Provided material:

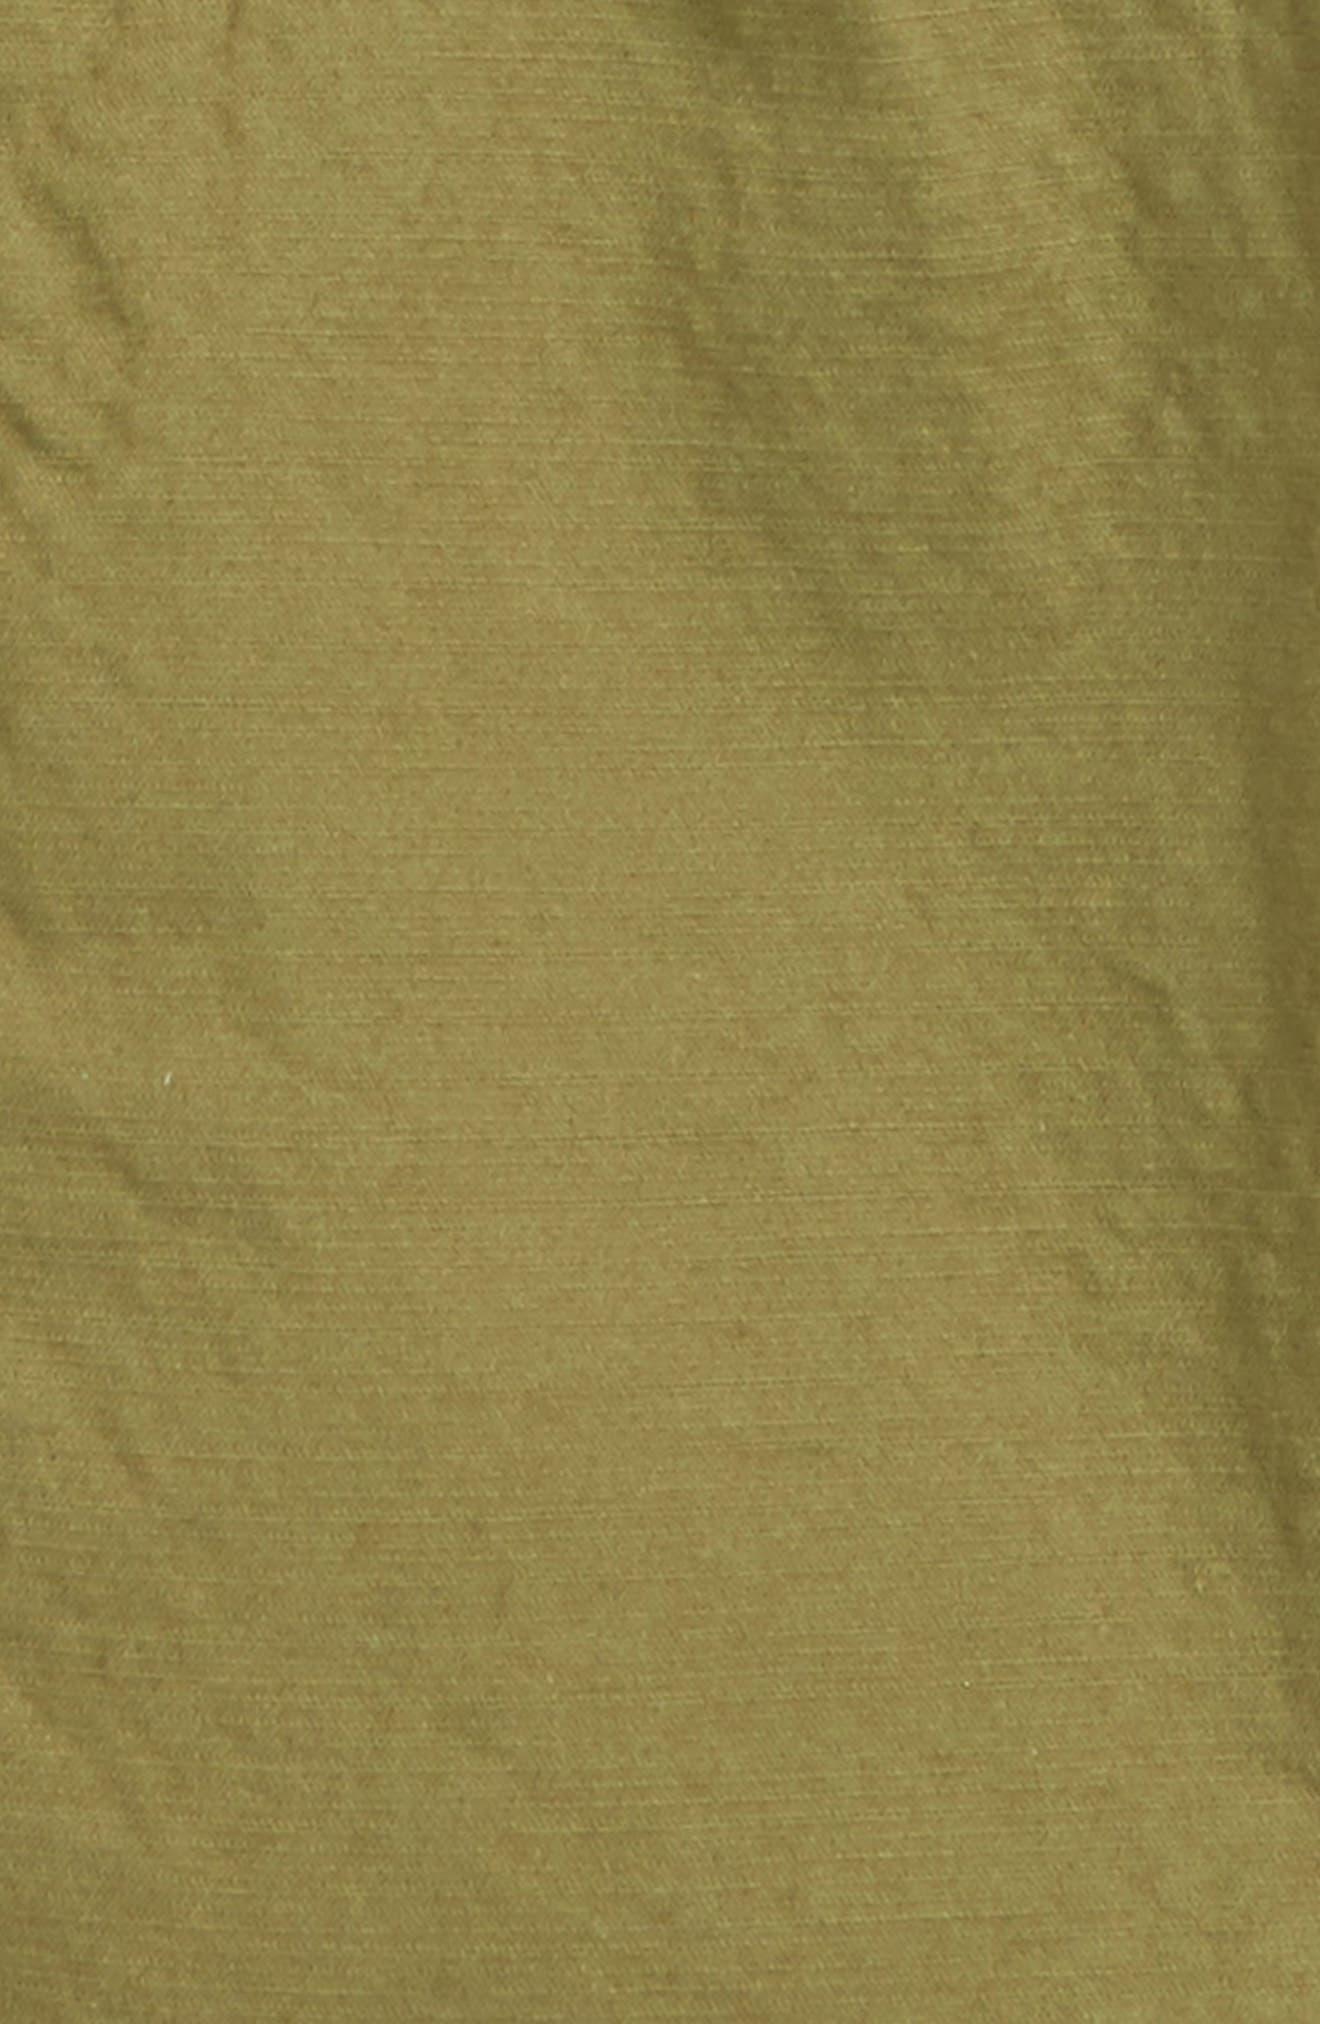 Surplus Chambray Shorts,                             Alternate thumbnail 2, color,                             300
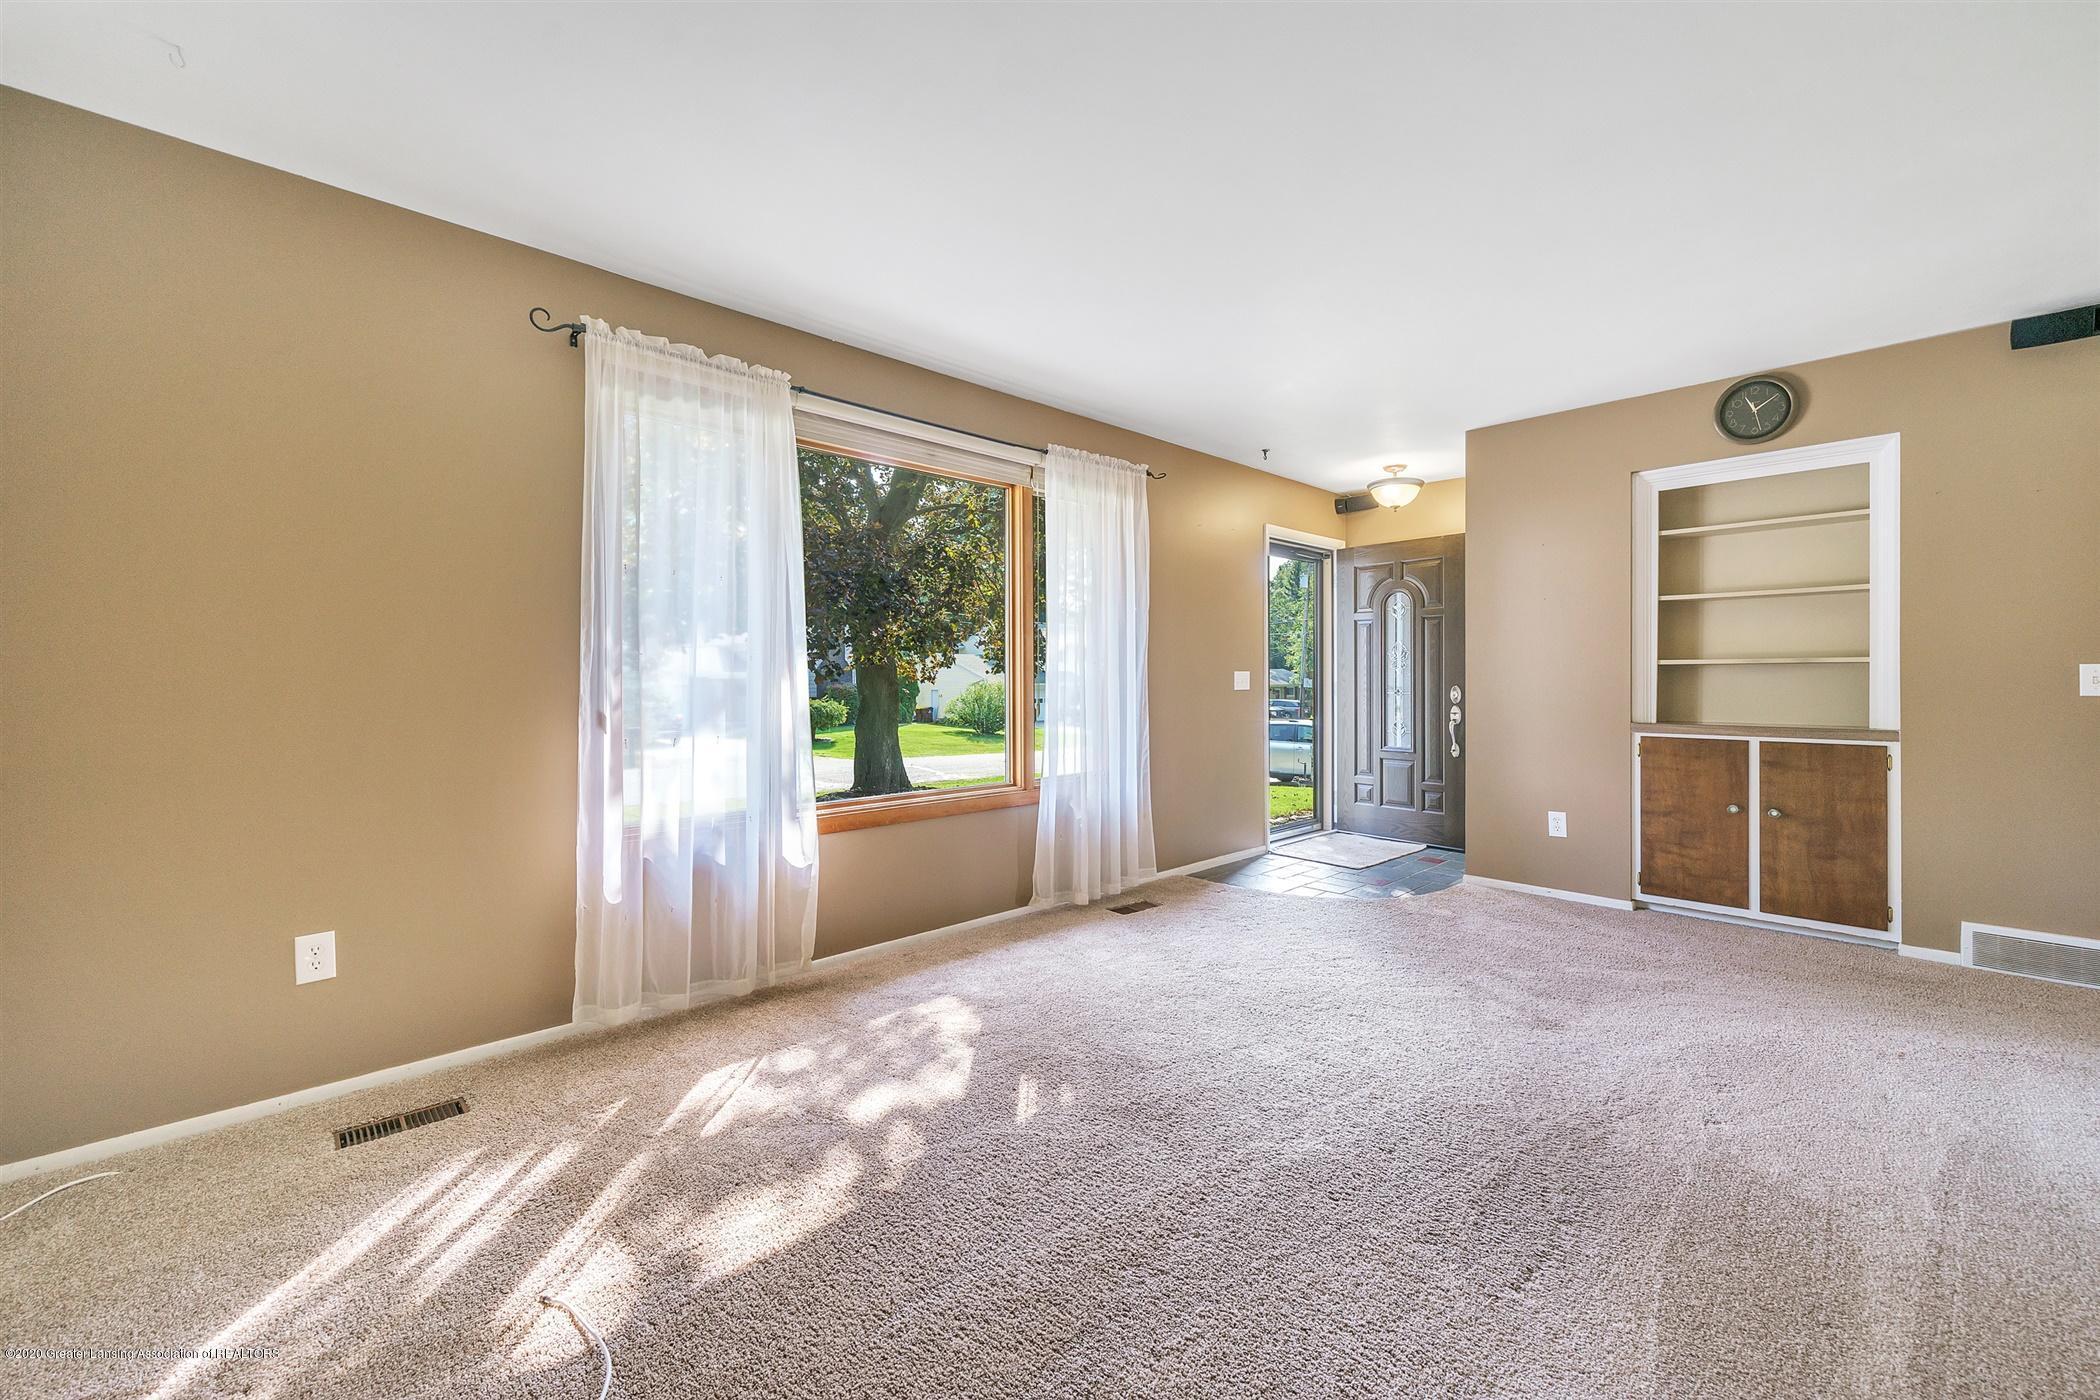 4557 Seneca Dr - (4) MAIN FLOOR Living Room - 4
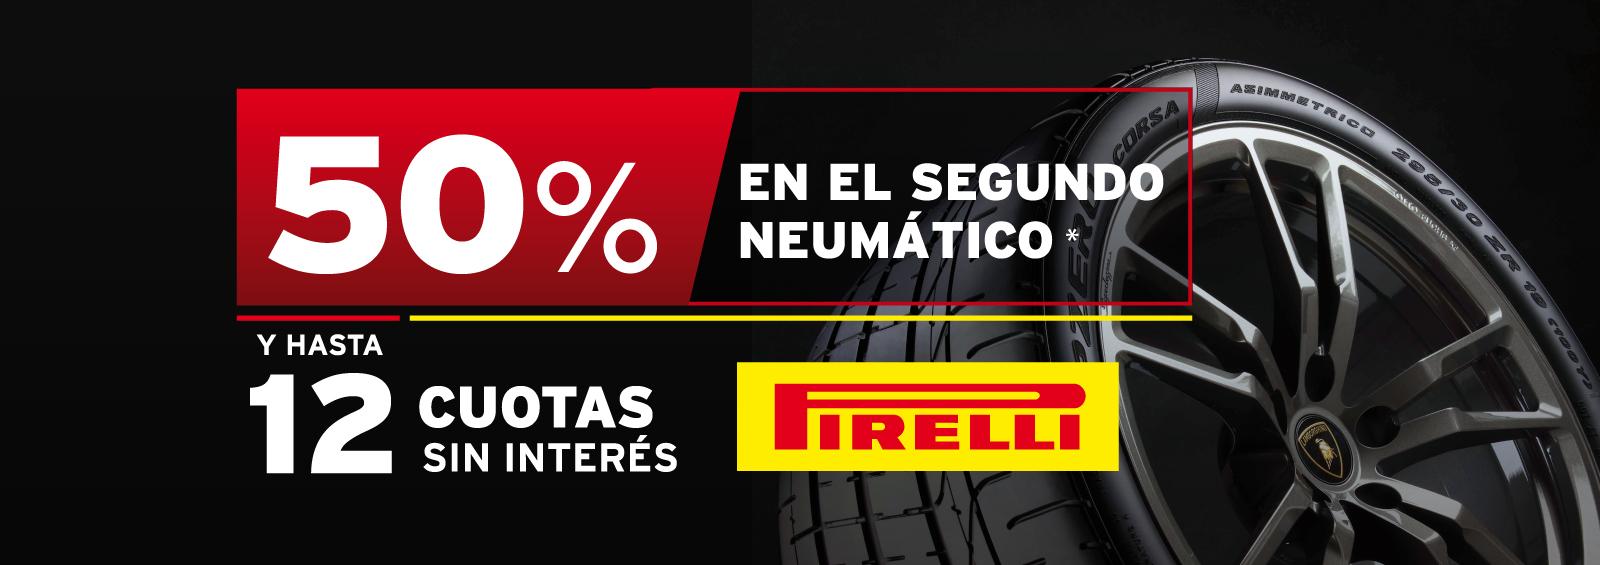 Promo 50% Segundo Neumático
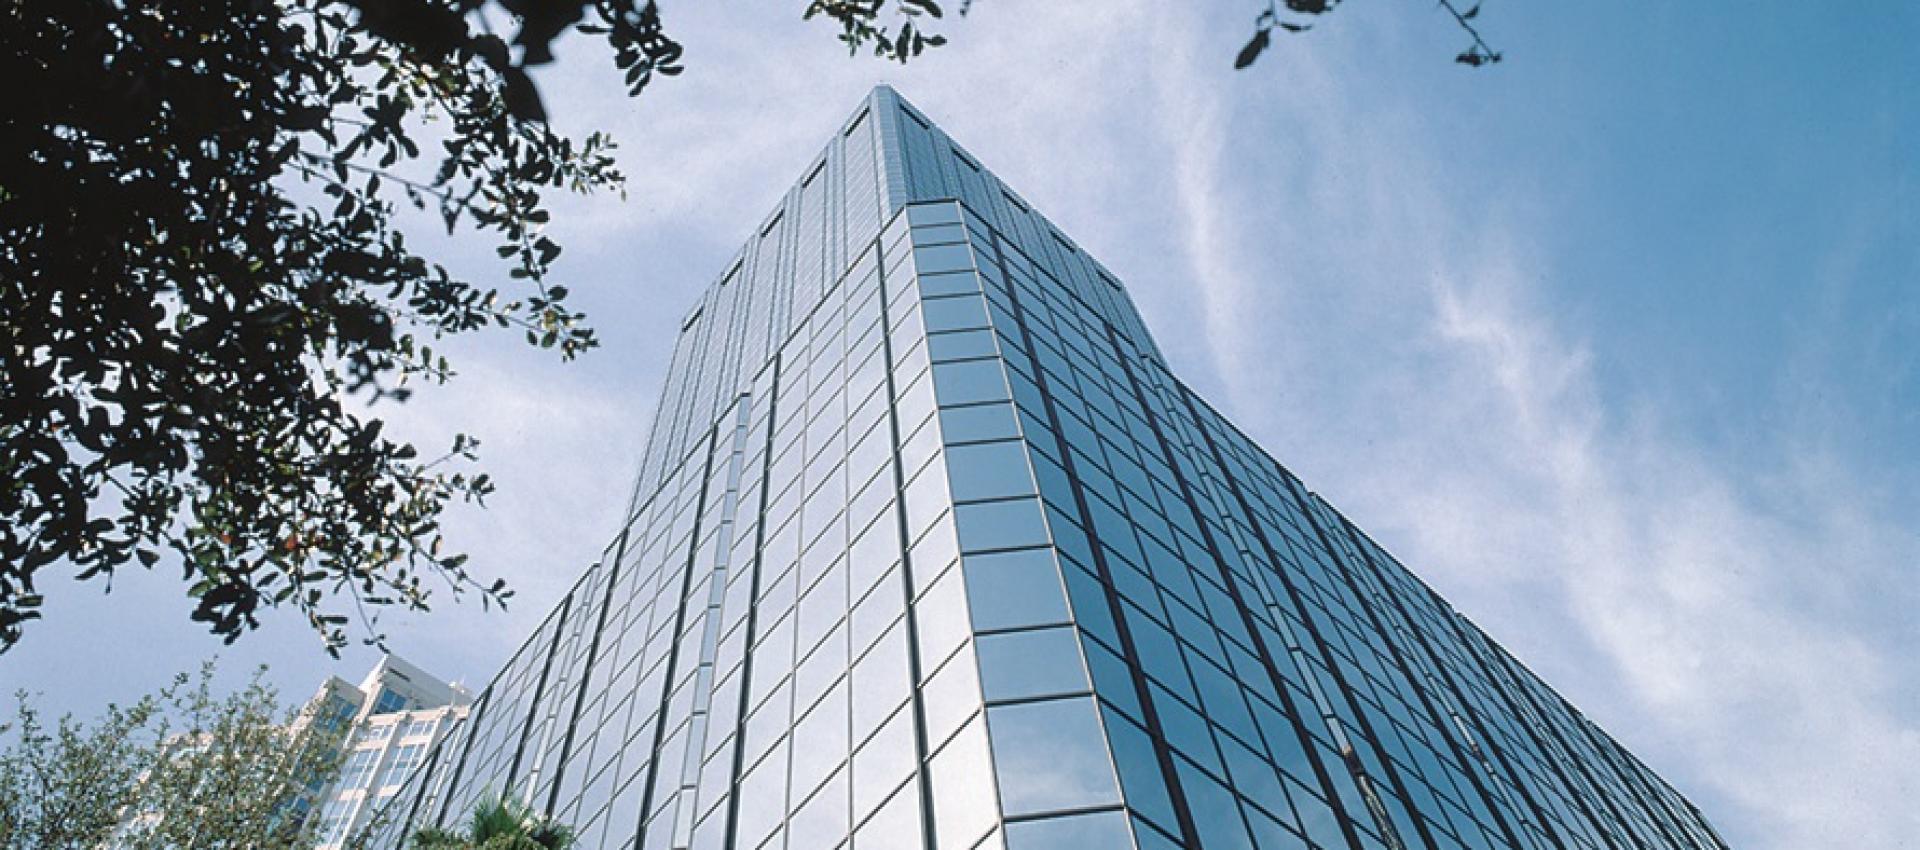 Irodai hővédelem ablakfóliával

Problem to solve:
Output the listing exactly. Leave out any image.

Expected output:
 Surplus Chambray Shorts,                             Alternate thumbnail 2, color,                             300
 4557 Seneca Dr - (4) MAIN FLOOR Living Room - 4
 Promo 50% Segundo Neumático
 Irodai hővédelem ablakfóliával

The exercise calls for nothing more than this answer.